Mountain in Washington state, United States

Spratt Mountain is a 7258 ft mountain summit located in the North Cascades, in Whatcom County of Washington state. It is situated on the western side of the Cascade crest, at the western edge of the Pasayten Wilderness, on land managed by the Okanogan–Wenatchee National Forest. Spratt Mountain is part of the Hozameen Range, a subset of the North Cascades which also includes Skagit Peak four miles to the north, and Jack Mountain six miles to the south. Precipitation runoff from this mountain drains into Ross Lake via Three Fools Creek and Dry Creek.

== Geology ==
The North Cascades features some of the most rugged topography in the Cascade Range with craggy peaks, granite spires, ridges, and deep glacial valleys.
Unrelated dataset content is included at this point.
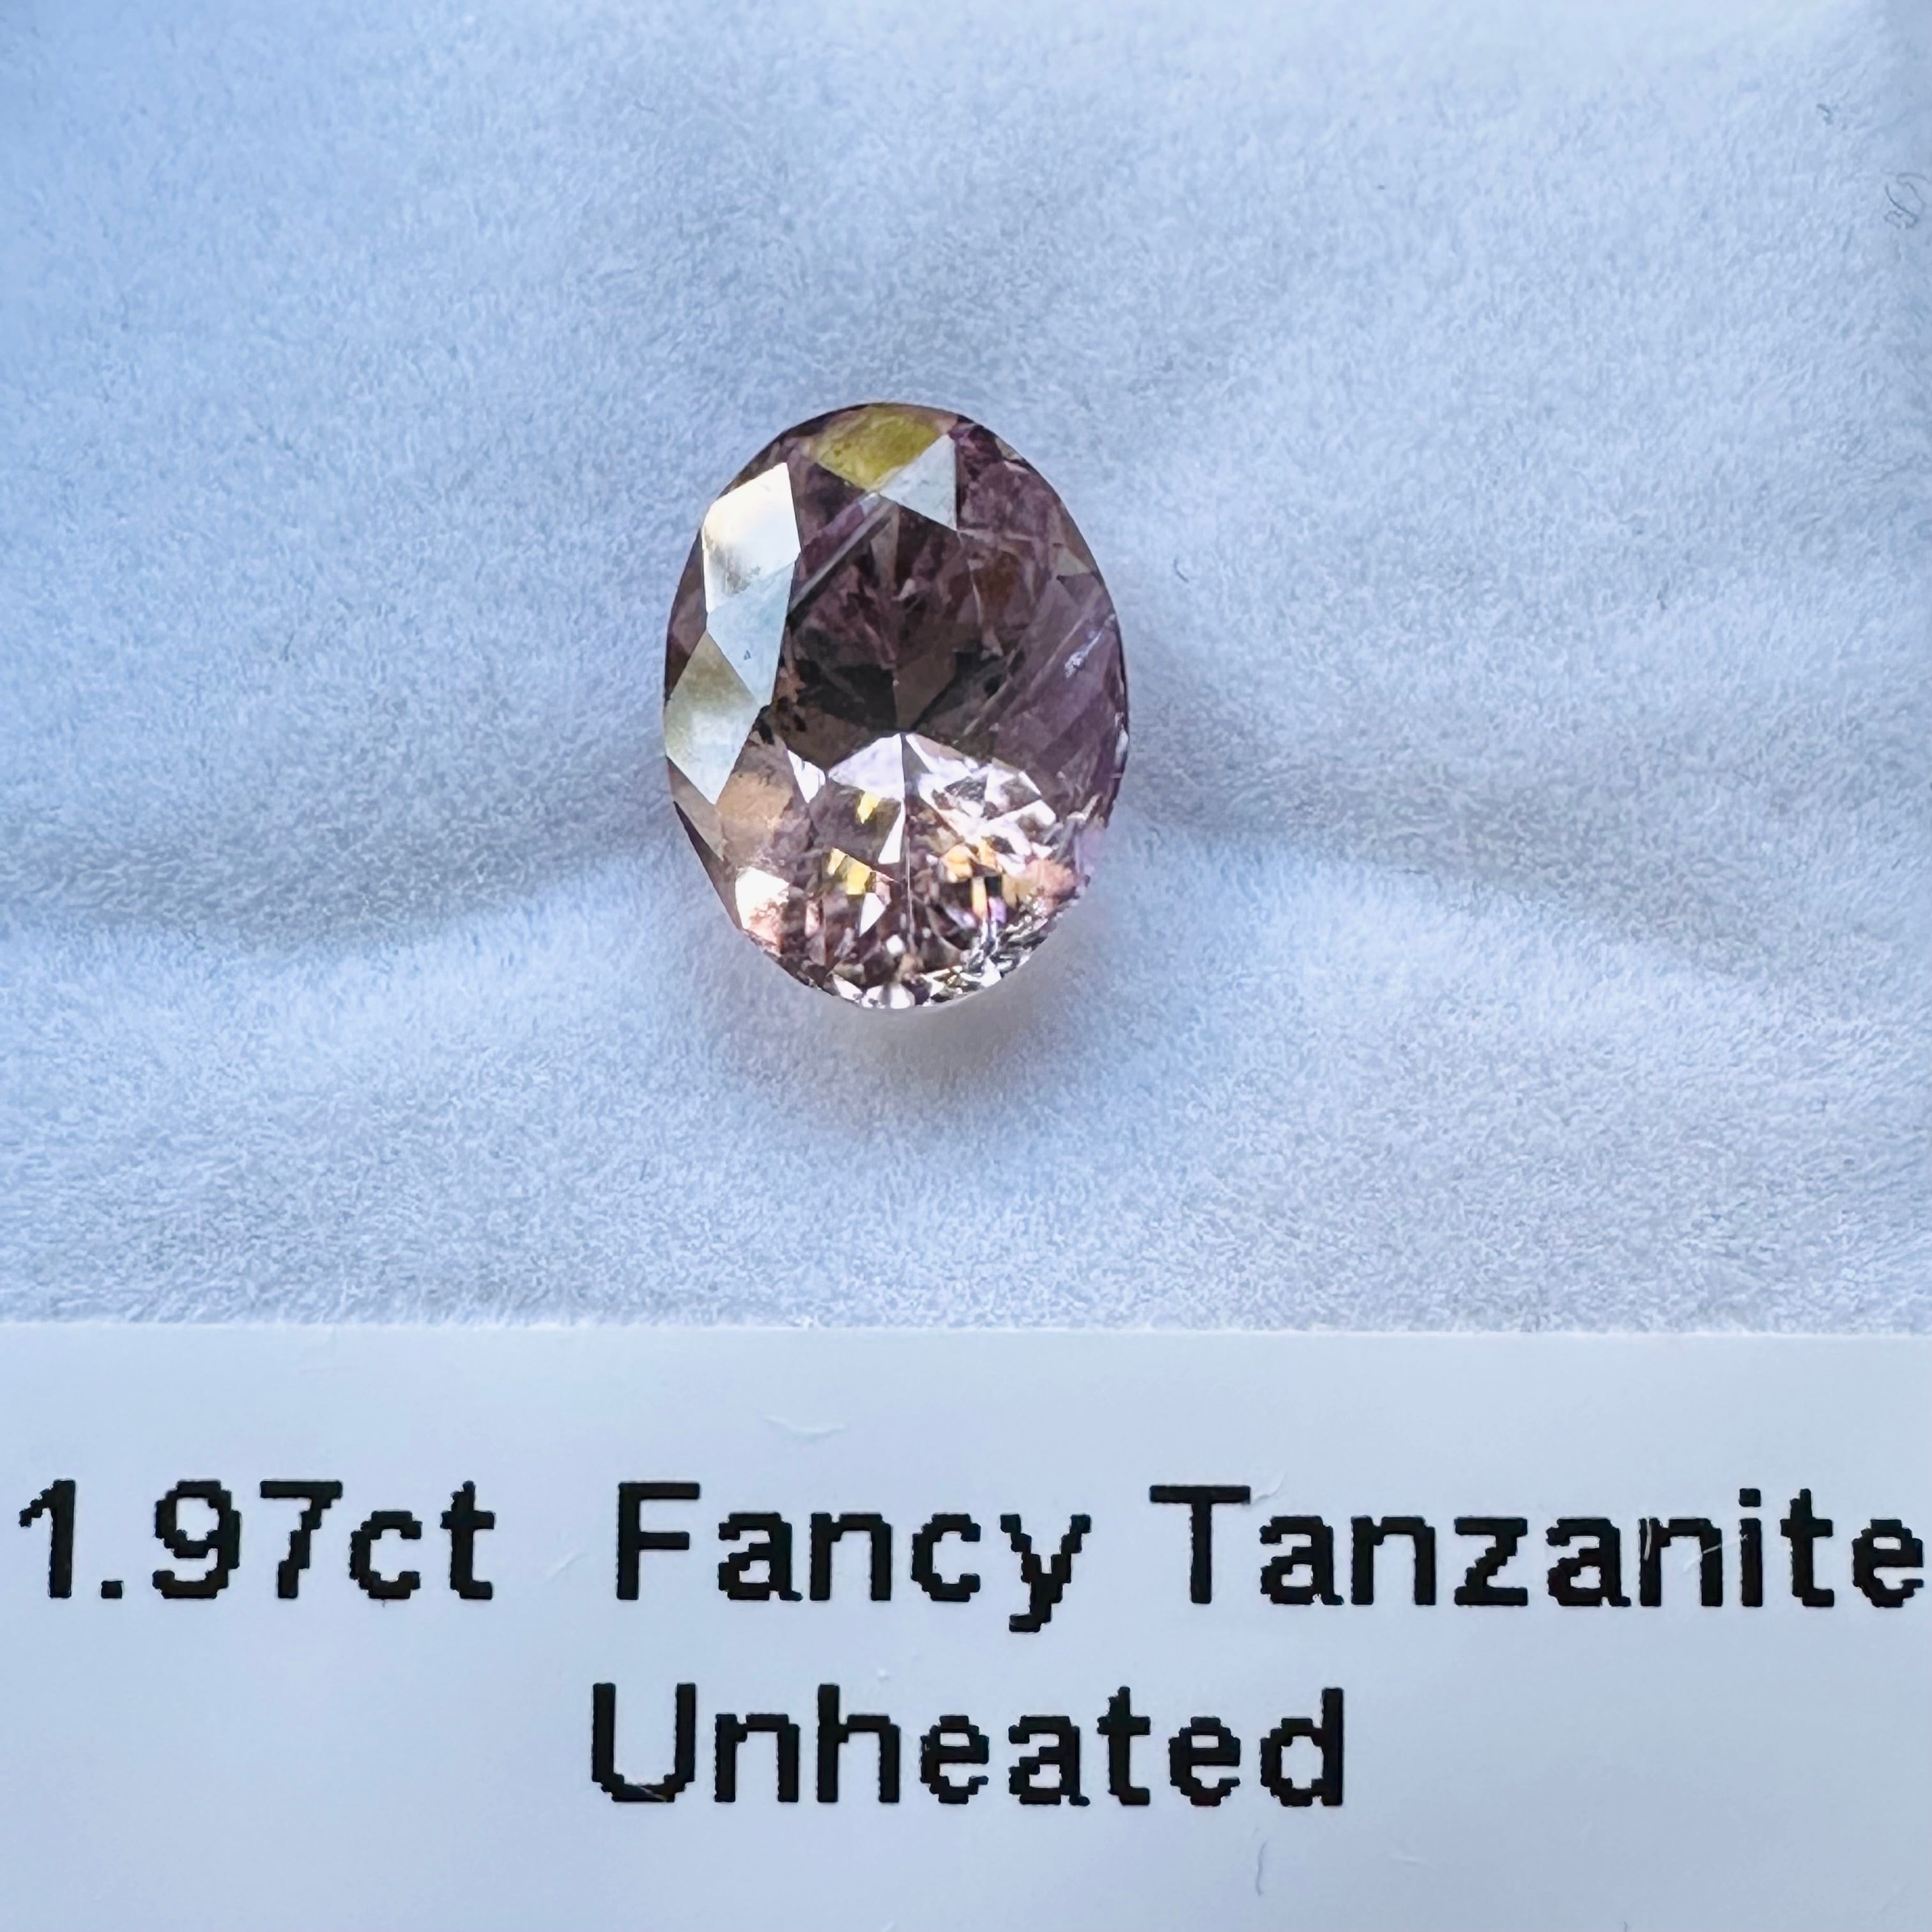 1.97ct Fancy Tanzanite, Tanzania, Untreated Unheated, stone has inclusions inside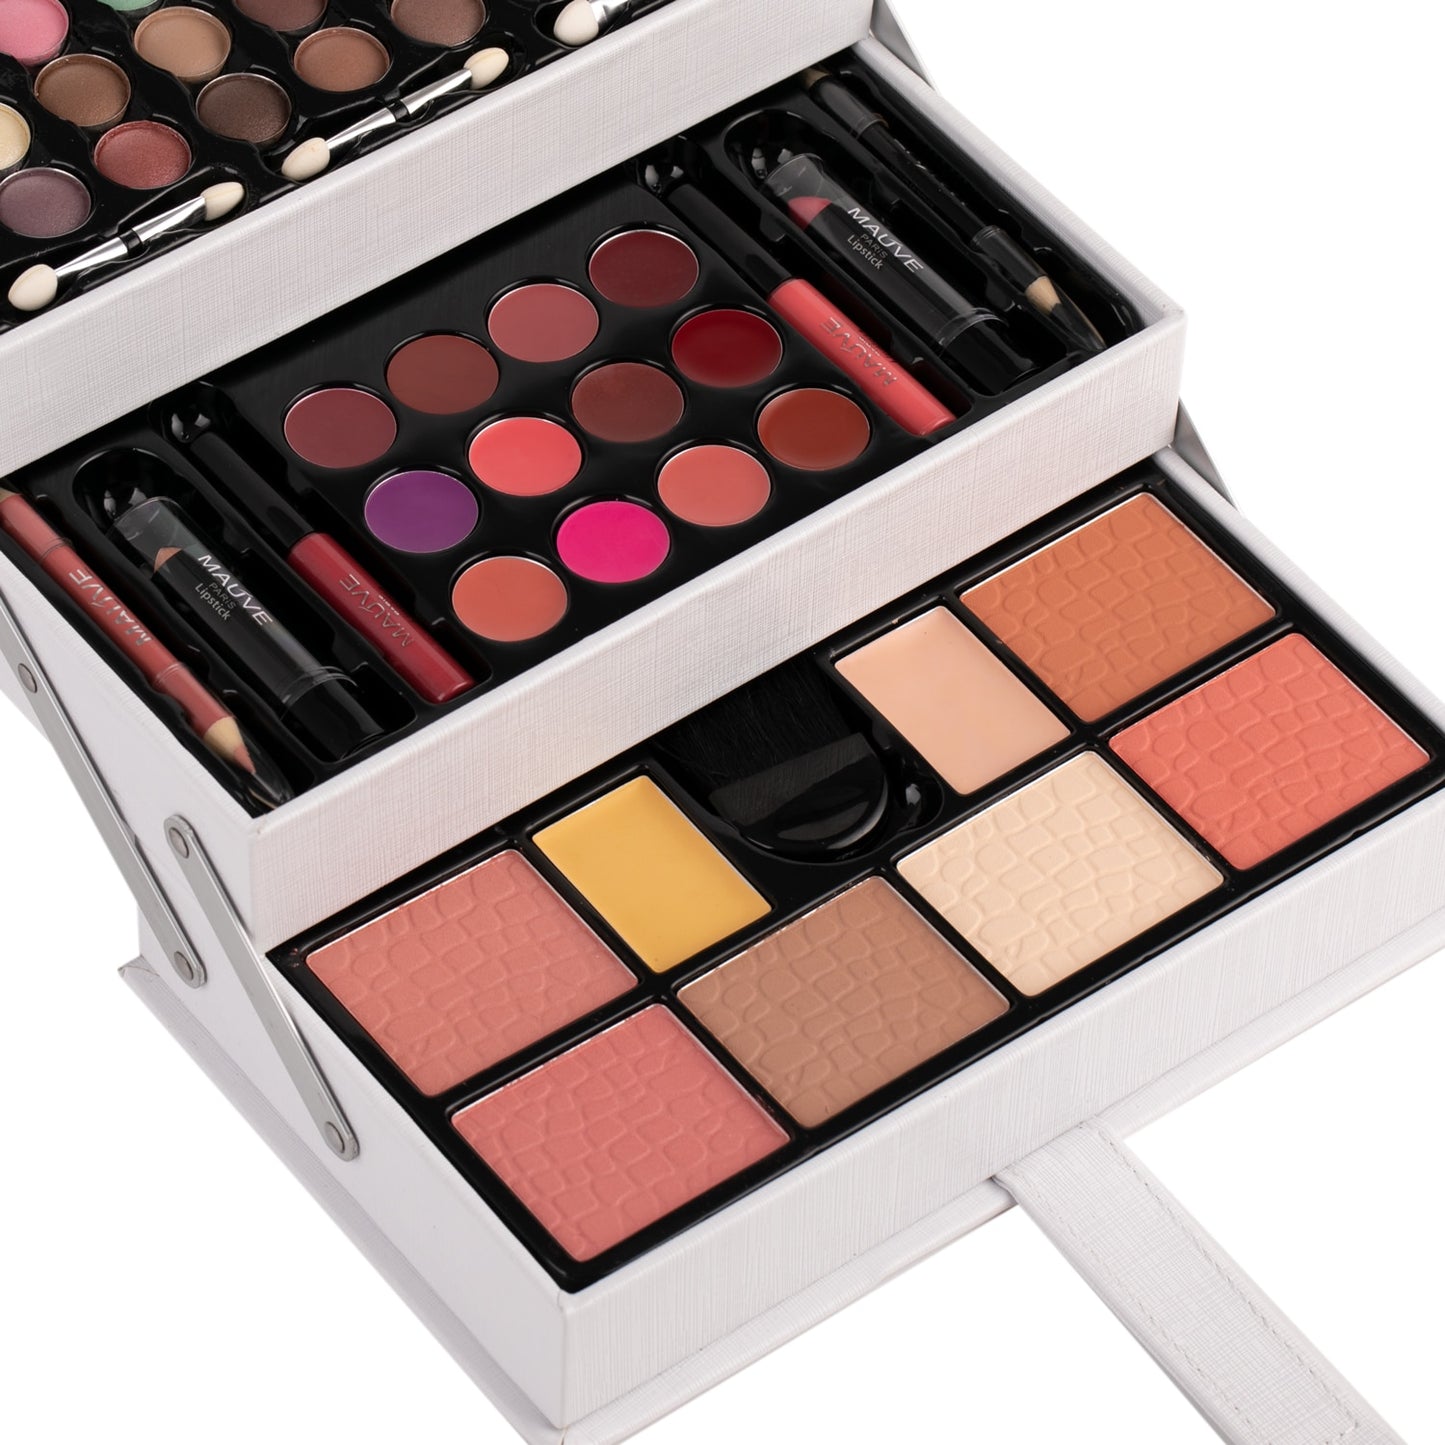 DUER LIKA Professional 45 Color Eyeshadow Blush Cosmetic Foundation Face Powder Makeup Sets Eye Shadows Palette

Geological events occurring many years ago created the diverse topography and drastic elevation changes over the Cascade Range leading to various climate differences.

The history of the formation of the Cascade Mountains dates back millions of years ago to the late Eocene Epoch. With the North American Plate overriding the Pacific Plate, episodes of volcanic igneous activity persisted. In addition, small fragments of the oceanic and continental lithosphere called terranes created the North Cascades about 50 million years ago.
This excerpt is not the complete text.